Naperville updates code of conduct to include board, commission members

  • The Naperville City Council approved an update to the city's code of conduct to include board and commission members.

      The Naperville City Council approved an update to the city's code of conduct to include board and commission members. Kevin Schmit | Staff Photographer

 
 
Updated 7/5/2022 4:39 PM

After Mayor Steve Chirico called for an update to Naperville's code of conduct, the city council approved a revised set of standards that not only apply to the mayor and council members, but also board and commission members.

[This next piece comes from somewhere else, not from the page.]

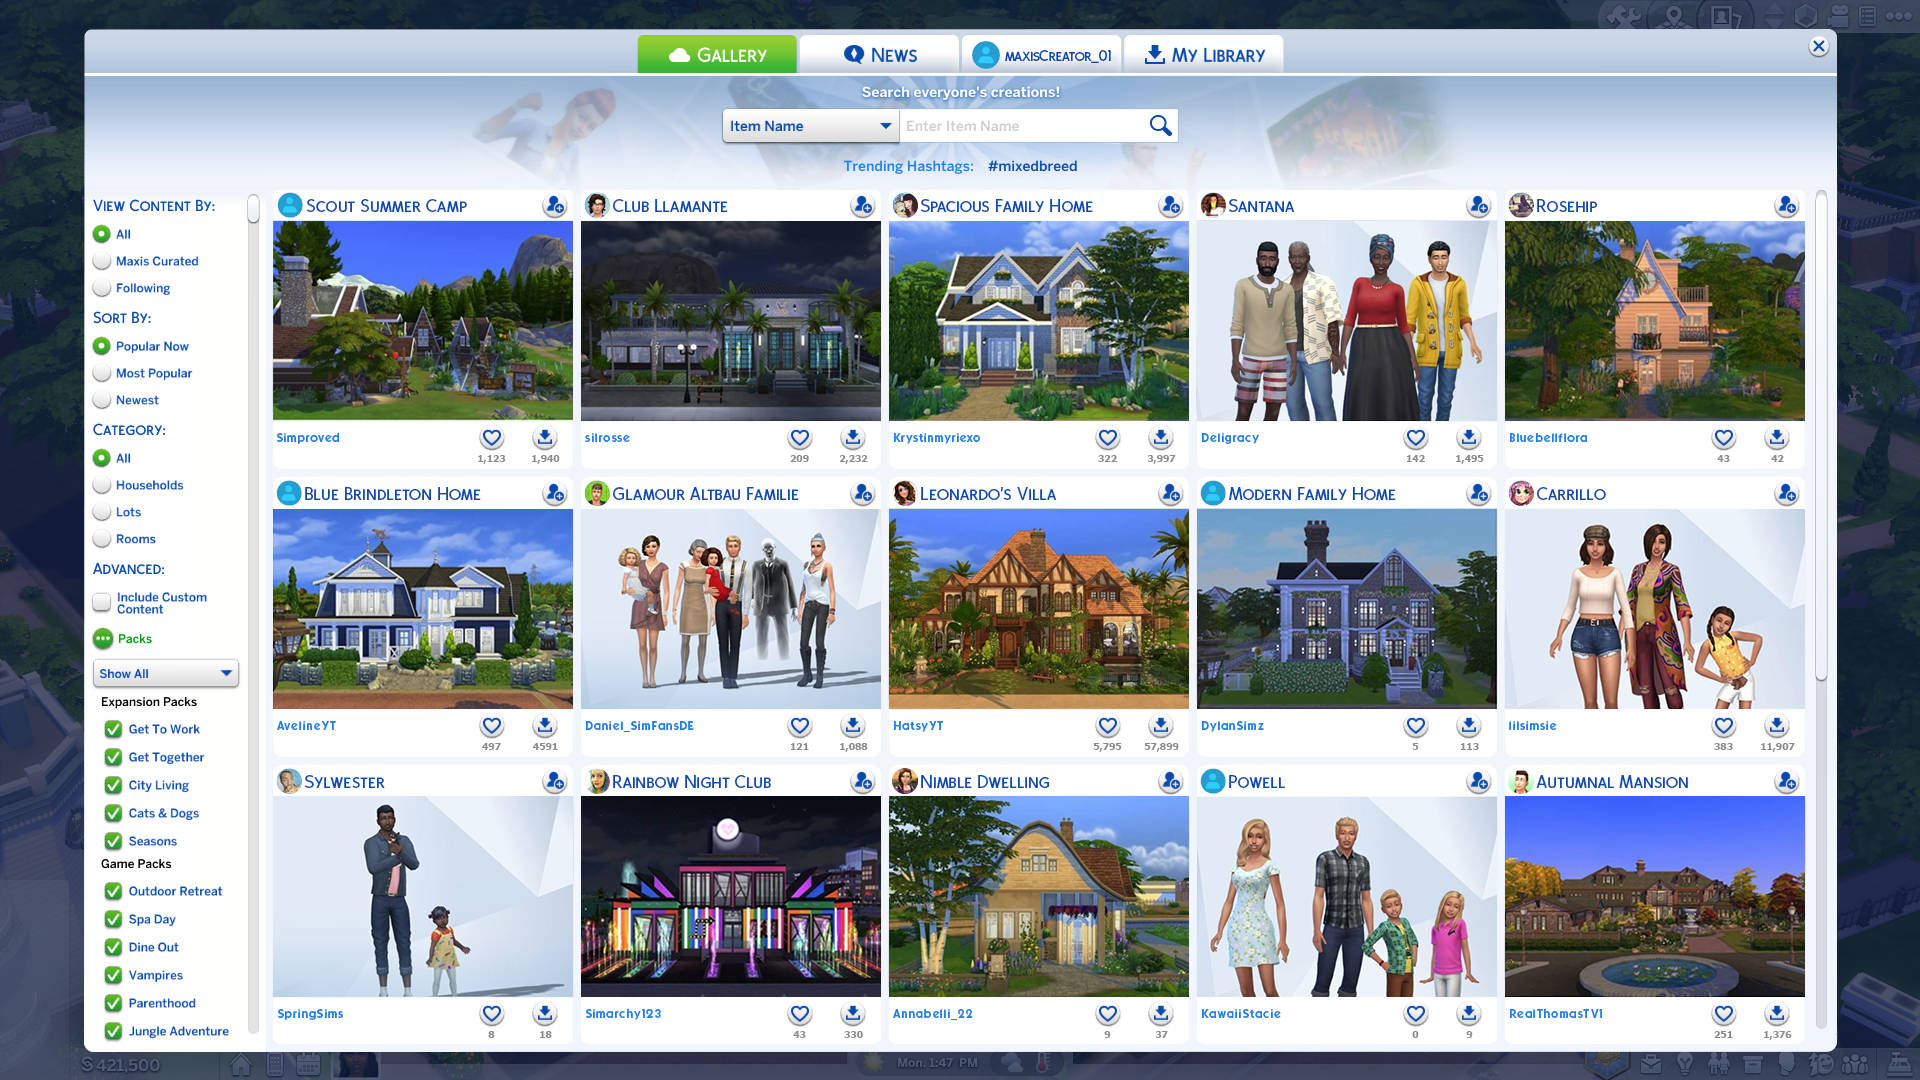 De Sims 4 Galerij update juli 2018

The update comes in the wake of recent appointments Chirico considered for the library board and the Special Events and Cultural Amenities Commission. Former Councilman Kevin Coyne was approved for the library board, but Chirico decided against nominating former Indian Prairie Unit District 204 school board candidate Shannon Adcock for the events commission based on feedback he received from council members.

 

Community members protested the possible nominations based on social media posts they believed went against the city's message of promoting diversity, equity and inclusion. The divisiveness over the potential nominations played out on social media and during public comments at city council meetings, prompting Chirico to request an update to the code.

"We adopted the state's code of conduct, which really isn't modernized by the things we're dealing with today," Chirico said.

Board and commission members will fall under several of the same guidelines that apply to the city council, including compliance with workplace safety and harassment policies. Among the new guidelines is a recommendation for social media postings to "model the same decorum displayed during city council meetings."

"We're part of a group of benchmark communities, about 30 communities across the country, and we used them as a baseline," said Deputy City Manager Marcie Schatz. "Anything we saw consistently that we didn't have, we elevated to the top."

While the new guidelines do not outline punishments or causes for removal, City Attorney Michael DiSanto said the city council retains the ability to take action.

"This is more of a guidance document rather than a punitive document," DiSanto said. "There is an allowance for removal, which is within the purview of the city council, but this is more of sharing best practices."